Le monde a un besoin urgent d’hommes entièrement voués au mystère de l’Eucharistie. Voilà la place des moines. Les moines ne sont pas des gens qui cherchent une vie tranquille et équilibrée, à l’abri des remous de ce monde. Ils sont des hommes qui acceptent d’entrer dans le mystère de la mort du Christ pour entrer dans le mystère de sa Vie et pouvoir la communiquer.
Cela demande une foi forte, semblable à celle de Juda Macchabée, le premier dont la Bible rapporte qu’il offrit un sacrifice pour les morts. Il a cru que la prière pouvait rejoindre les défunts et hâter leur purification. C’est ce même courage de la foi qui nous est demandé : celui d’offrir notre vie, silencieusement, pour que d’autres aient part à la Vie. « À tout instant j’expose ma vie », chantons-nous dans le psaume 118. Cette parole s’applique d’abord à Notre Seigneur. Il veut la faire vivre en ceux qui sont prêts à Lui céder la place, comme Lui-même l’a cédée au Père : « Je suis descendu du ciel pour faire non pas ma volonté, mais la volonté de Celui qui m’a envoyé. »
Voici le véritable combat : « Père, non pas ce que je veux, mais ce que tu veux. » C’est cette mort à nous-mêmes qui nous permet d’entrer pleinement dans le mystère de l’Eucharistie, dans le mystère de la vraie Vie.

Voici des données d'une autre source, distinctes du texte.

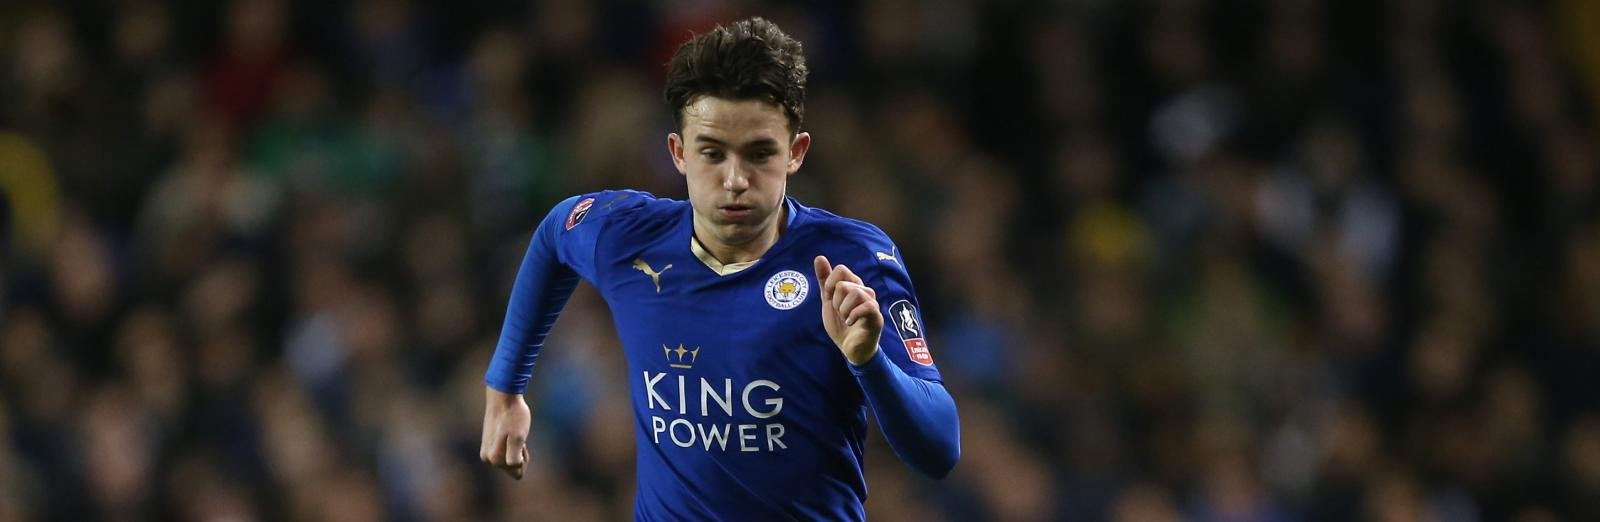 Liverpool prepared to bid £8m to beat Arsenal to Leicester City’s 19-year-old star

Certes, la Messe a toujours une valeur infinie de rédemption. Mais ce trésor doit être acheminé vers les hommes de notre temps, vers les fidèles défunts qui ne peuvent plus y puiser sans notre concours. Là est notre place, là est notre rôle.
Le combat spirituel ne fait pas de nous des gens ambitieux. Son seul but est de nous rendre semblables à cet âne aveugle dont parle Camus, qui « patiemment, pendant des années, tourne autour de la noria, endurant les coups, la nature féroce, le soleil, les mouches, endurant encore — et de cette lente avancée en rond, apparemment stérile, monotone, douloureuse, les eaux jaillissent inlassablement… »
« Et Dieu essuiera toute larme de leurs yeux : la mort ne sera plus ;il n’y aura plus ni deuil, ni cri, ni souffrance : ce qui était en premier s’en est allé. » (Apoc. 21, 4) Amen.